- _EXERCISE DESCRIPTION_: From the first line of the listing to the last, set down everything exactly, but skip the images.

- _DATA EXCERPT_:
================

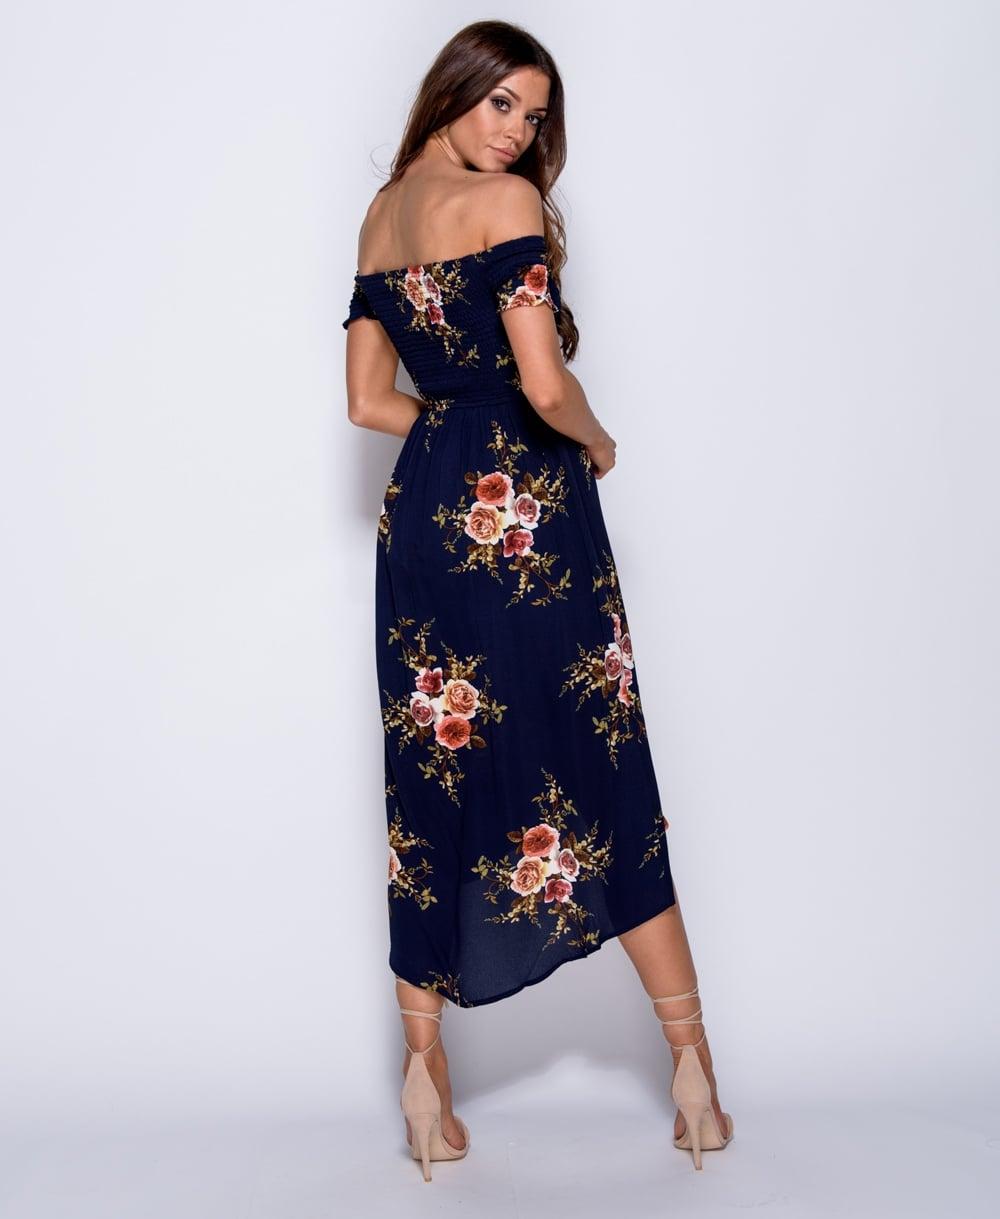 925f2e1b977d Γυναικείο bardot φόρεμα φλοράλ ασύμμετρο
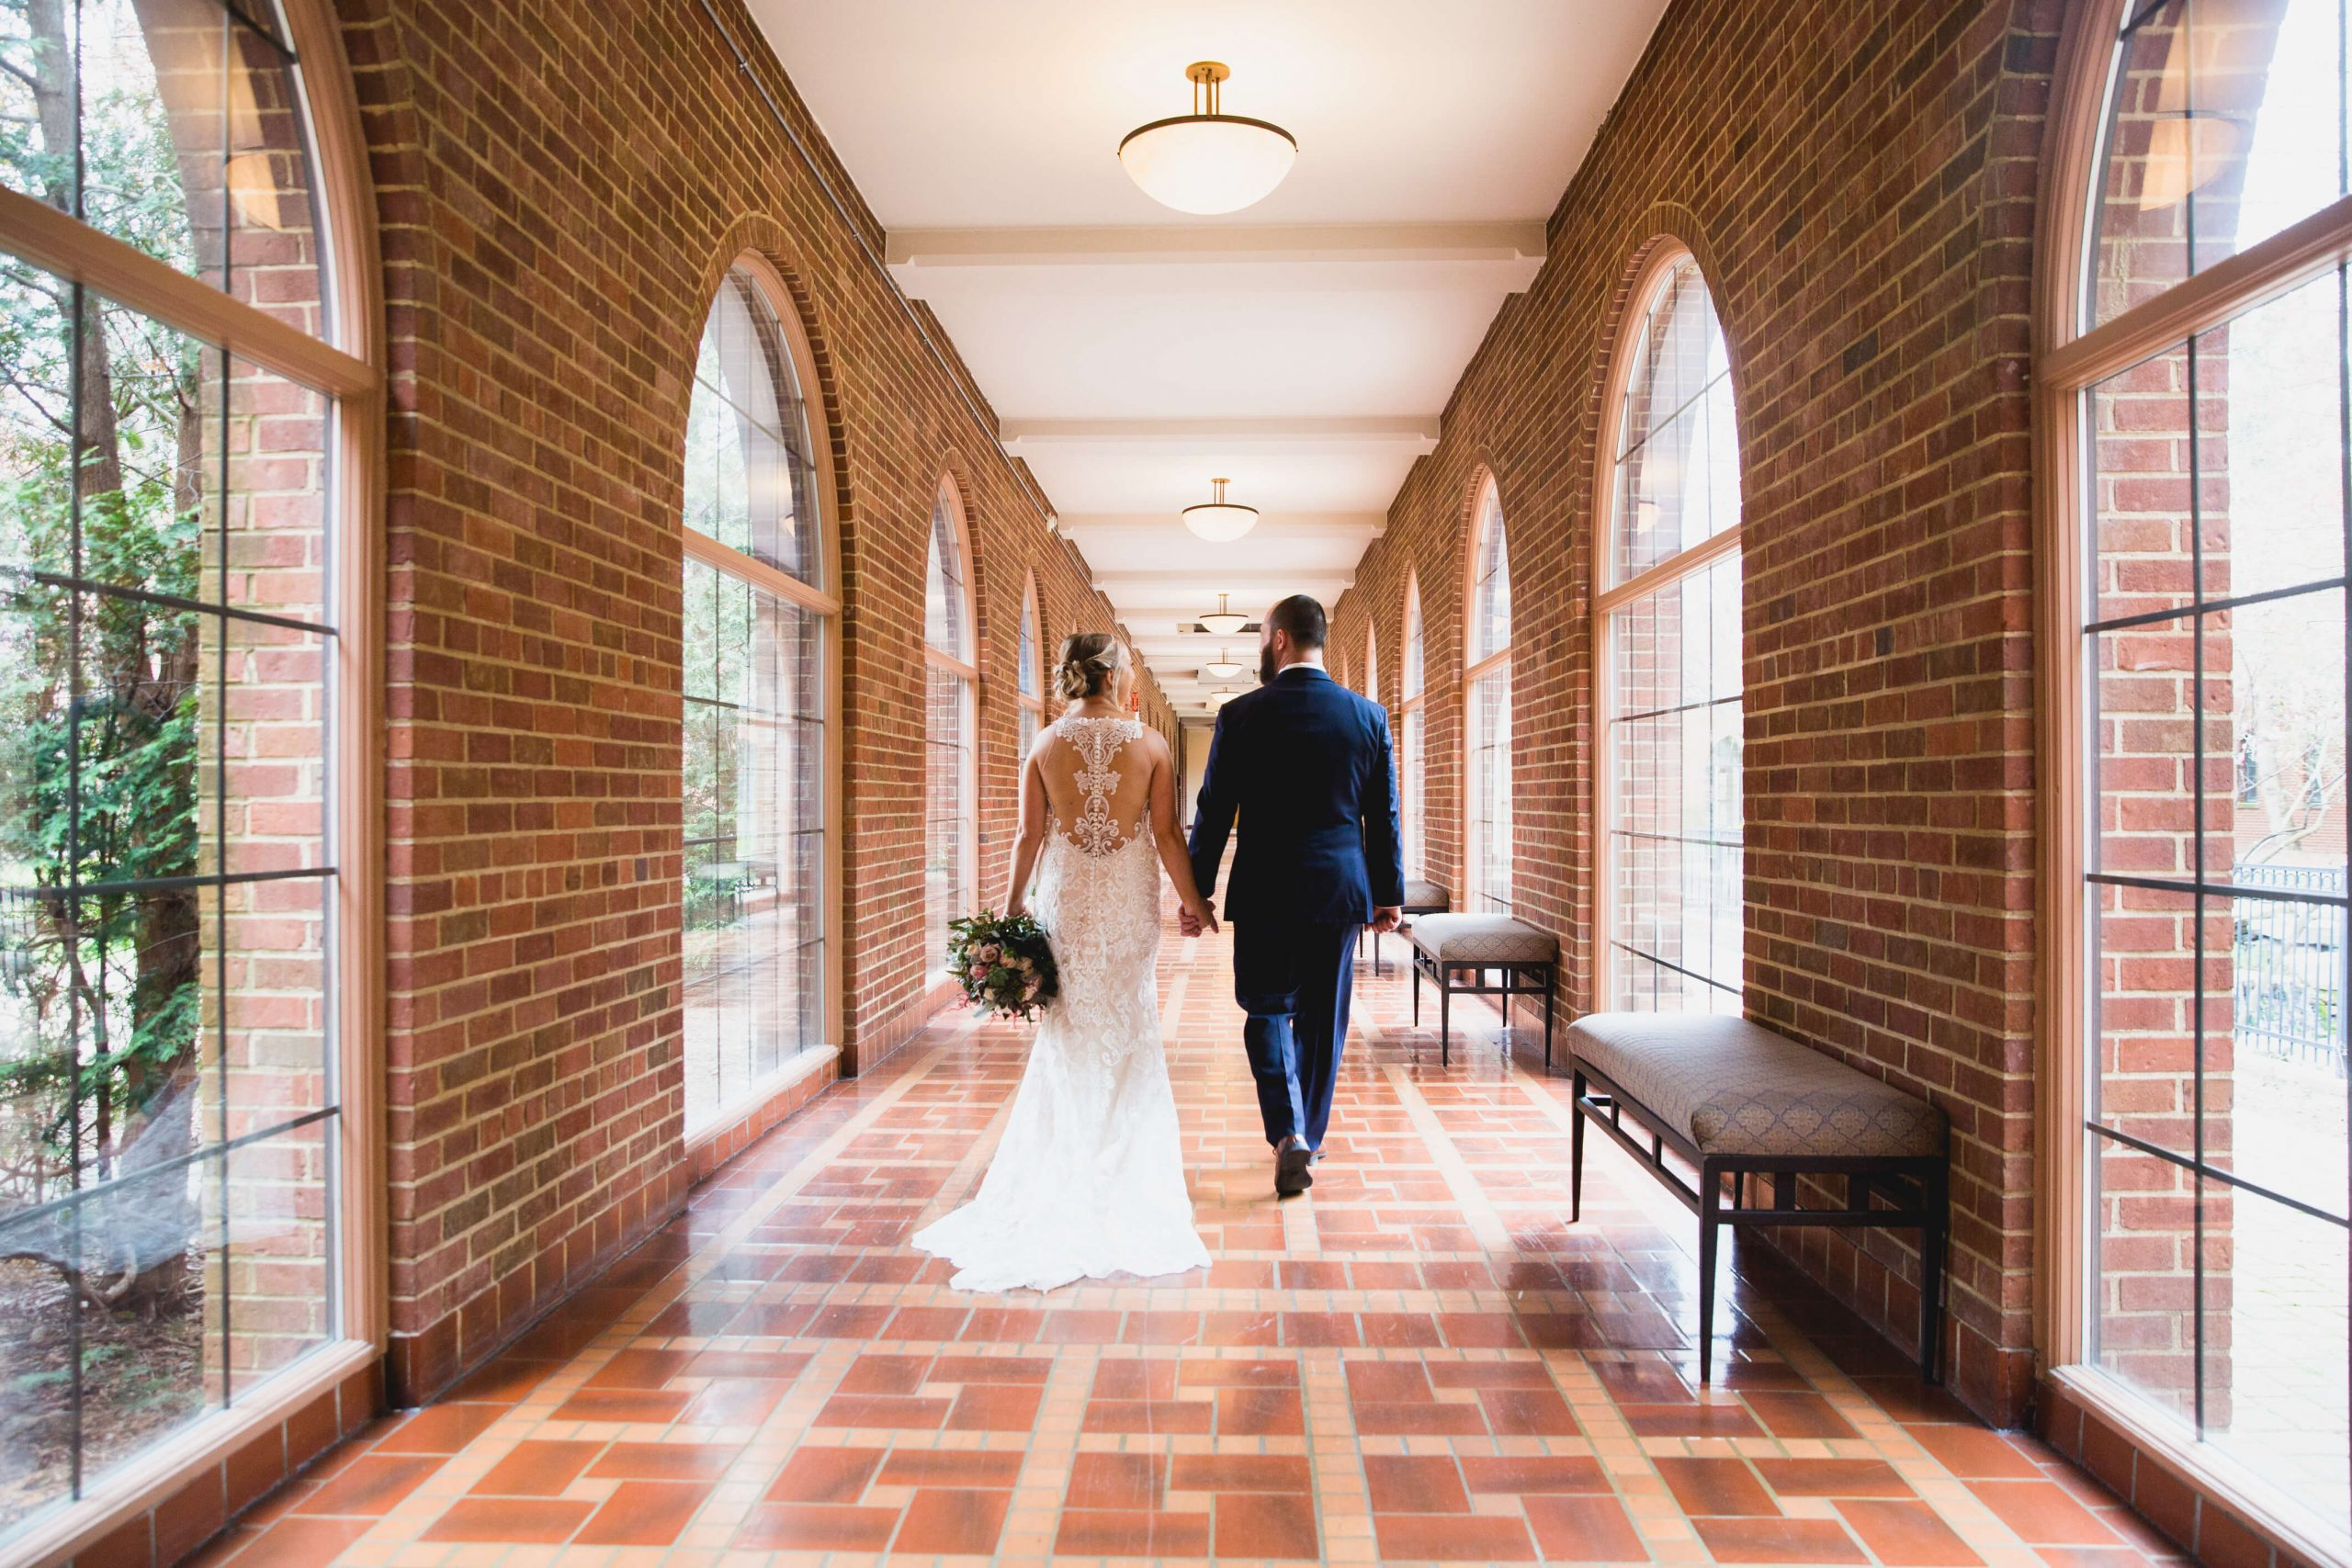 bride and groom walking down hall at inn at st. john's
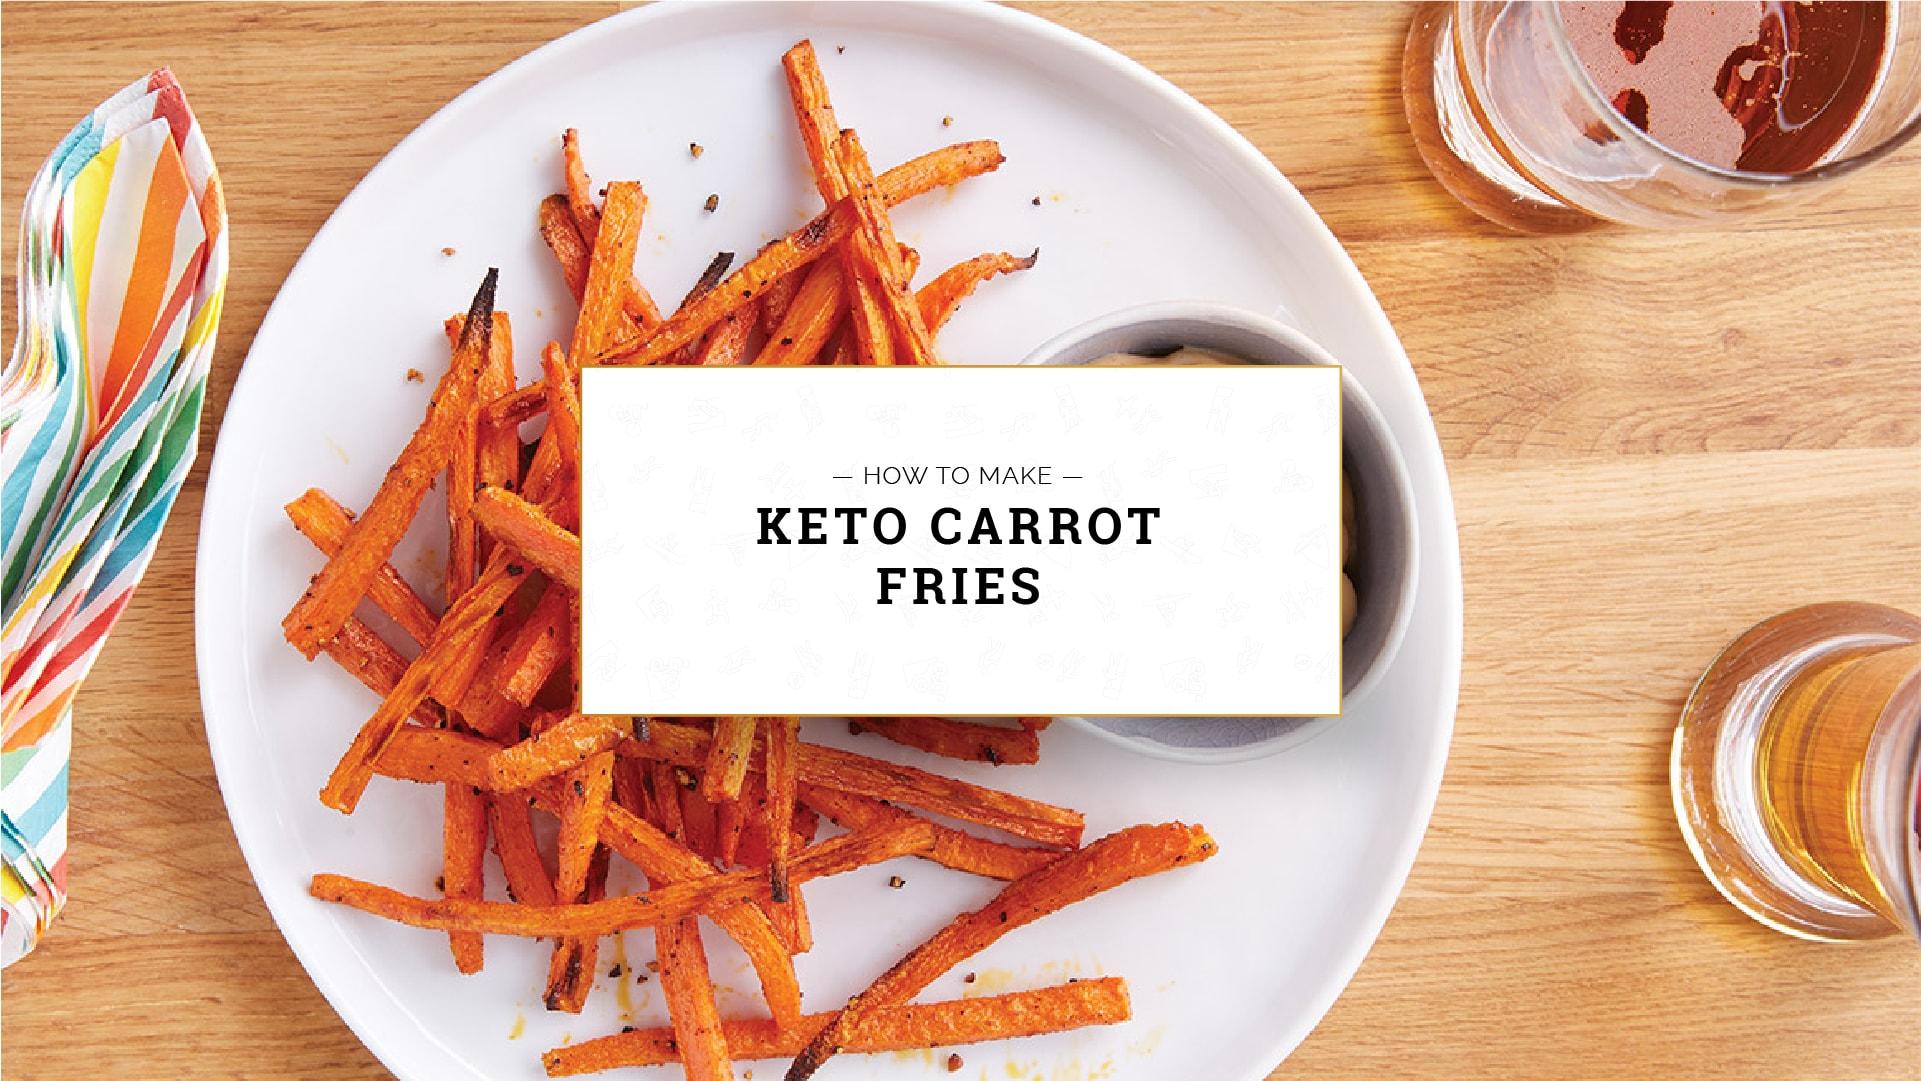 Keto Carrot Fries, how to make keto carrot fries

================

- _ANSWER TO THE PROBLEM_:
 925f2e1b977d Γυναικείο bardot φόρεμα φλοράλ ασύμμετρο
 bride and groom walking down hall at inn at st. john's
 Keto Carrot Fries, how to make keto carrot fries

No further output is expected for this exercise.